Some studies have suggested that they represent temporary releases of virus from the reservoir of latently infected cells, not ongoing virus replication.

Successive measures of low-level viraemia – above 50 copies but below the 200 copies/ml level often used to define virologic failure in high-income settings – are also difficult to interpret. Some studies have found a higher risk of subsequent virologic failure in people with low-level viraemia and two studies have found a trend towards a higher risk of subsequent death or clinical disease progression.

But a US study found that low-level viraemia below 200 copies/ml did not predict virologic failure in people on their first antiretroviral regimen.

Researchers in the EuResist network, a European research collaboration that studies HIV drug resistance, investigated the impact of viral blips and low-level viraemia in the largest population studied to date in a high-income setting.

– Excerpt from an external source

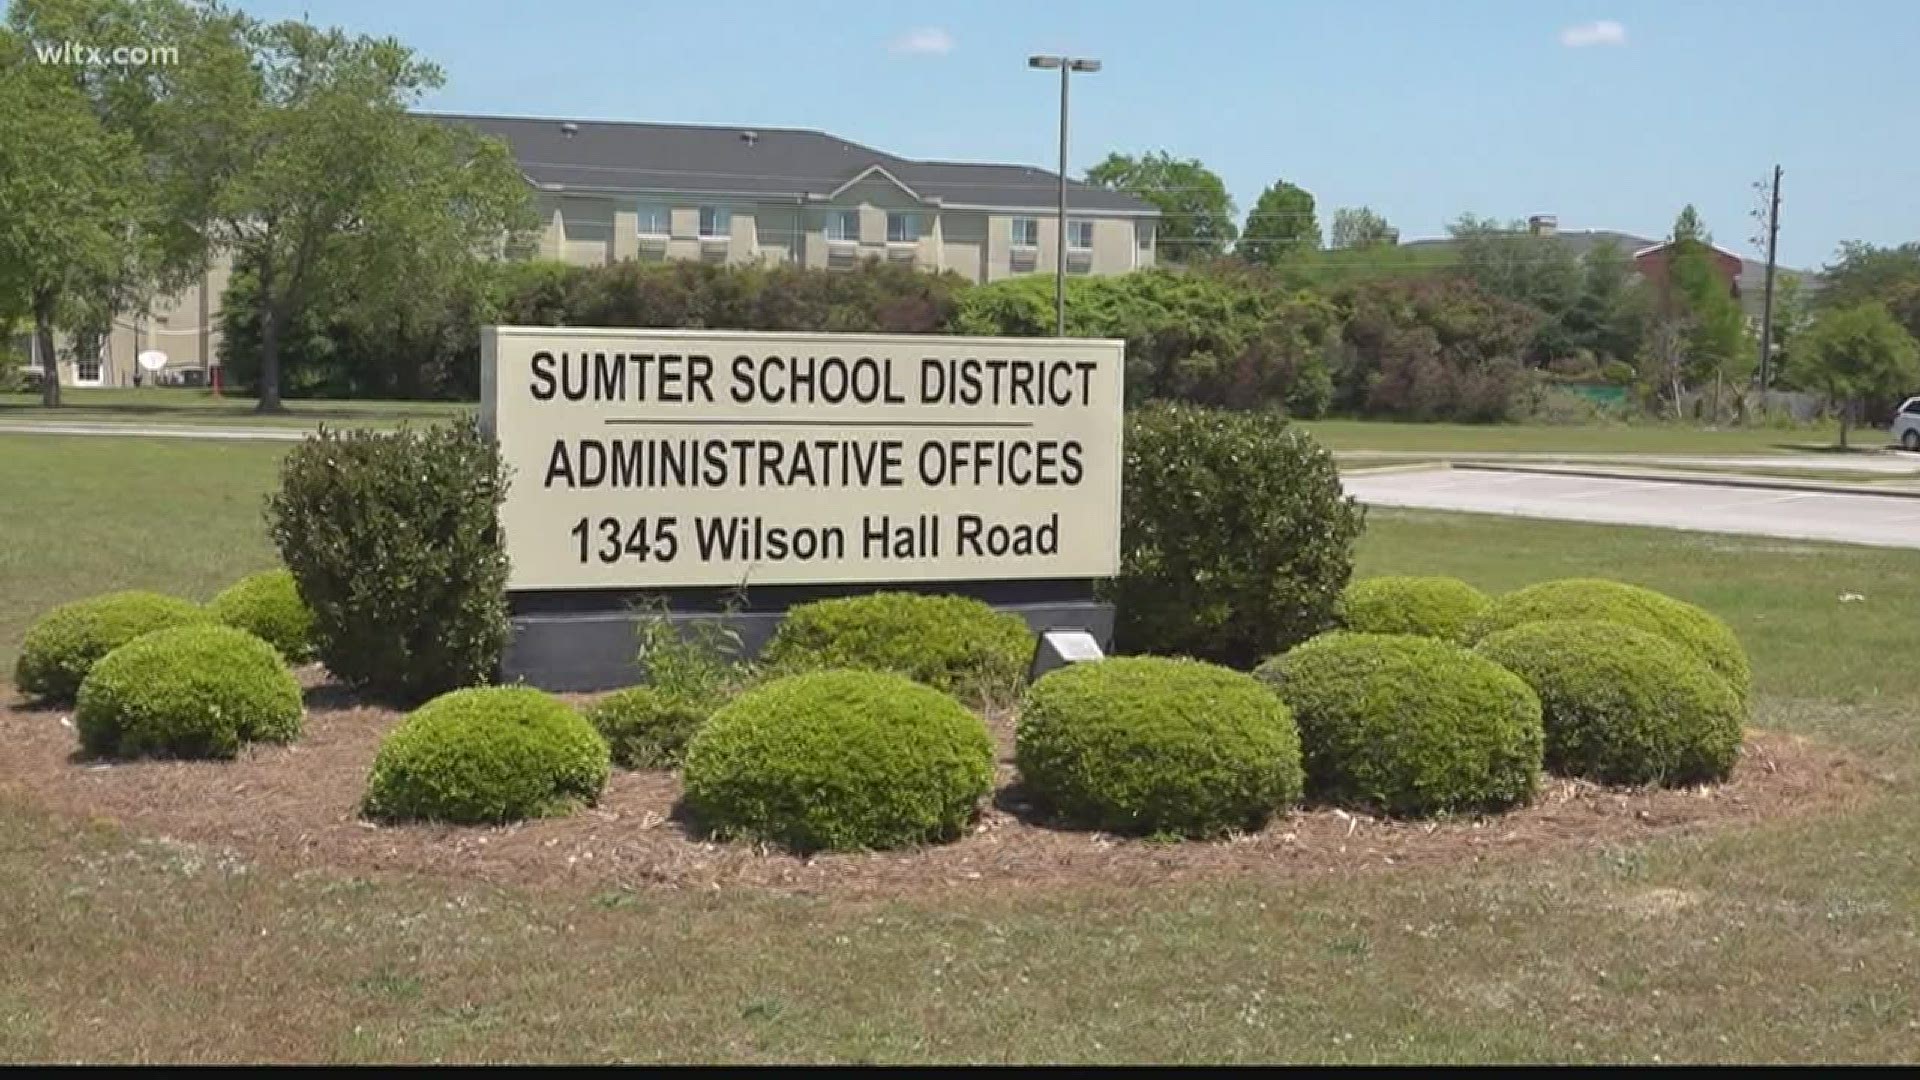 The school board says Sumter remains a high risk community and they will not sacrifice the health or well being of students.

They identified 22,532 people who started treatment between 2005 and 2015 and had at least 12 months of follow-up after starting treatment, at HIV clinics in Germany, Spain, Italy, Luxembourg, Belgium and Portugal.

Participants were classified as follows:

  • Persistent virologic suppression below 50 copies/ml
  • Viral blips: a single viral load above 50 copies/ml
  • Low-level viraemia: several viral loads between 51 and 199 copies/ml, at least 30 days apart

Virologic failure, the primary study outcome, was defined as two consecutive viral loads above 200 copies/ml or a single viral load above 1000 copies/ml.

During a median of 2.8 years of follow-up, 1,424 virologic failures occurred, 72% in people with previous virologic suppression, 15% in people who had experienced a viral blip and 13% in people with low-level viraemia.

After the first detectable viral load, 12% of those with low-level viraemia went on to experience virologic failure within two years, compared to 5% of those with viral blips.

After adjusting for demographic and HIV-related factors (including antiretroviral regimen and treatment experience), low-level viraemia was shown to double the risk of virologic failure (adjusted hazard ratio 2.2, 95% confidence interval 1.6-3). Viral blips modestly increased the risk of virologic failure (aHR 1.70, 95% CI 1.3-2.2).

As well as viral blips and low-level viraemia, younger age, female sex, lower CD4 count, higher pre-treatment viral load, treatment experience and a history of injecting drug use each increased the risk of virologic failure, although each had less impact than viral blips on the subsequent risk of virologic failure.

"12% of those with low-level viraemia went on to experience virologic failure within two years, compared to 5% of those with viral blips."

The relationship between viral blips, low-level viraemia and subsequent risk of virologic failure remained significant when the analysis was restricted to people who started treatment after 2014, but when the analysis was restricted to people whose first regimen contained an integrase inhibitor, the relationship ceased to be significant. However, the investigators note that the limited number of cases of viraemia in this category means that this result should be treated with caution.

One hundred and forty people had resistance tests within 90 days of their first viral load test during an episode of low-level viraemia. Forty-nine had at least one drug resistance mutation; 16 were found to be new mutations not present before starting treatment. Seven of the 16 cohort members with new mutations subsequently developed virologic failure. The most common mutation to emerge during low-level viraemia was the M184V mutation associated with exposure to lamivudine or emtricitabine.

The low number of resistance tests carried out during low-level viraemia make it difficult to judge to what extent virologic failure after low-level viraemia is driven by the early emergence of drug resistance during low-level viraemia. But the investigators say that the fact they detected new drug resistance mutations in people with viral load below 200 copies/ml lends support to the European AIDS Clinical Society’s recommendation of resistance testing during episodes of low-level viraemia, with adjustment of the regimen if resistance is detected.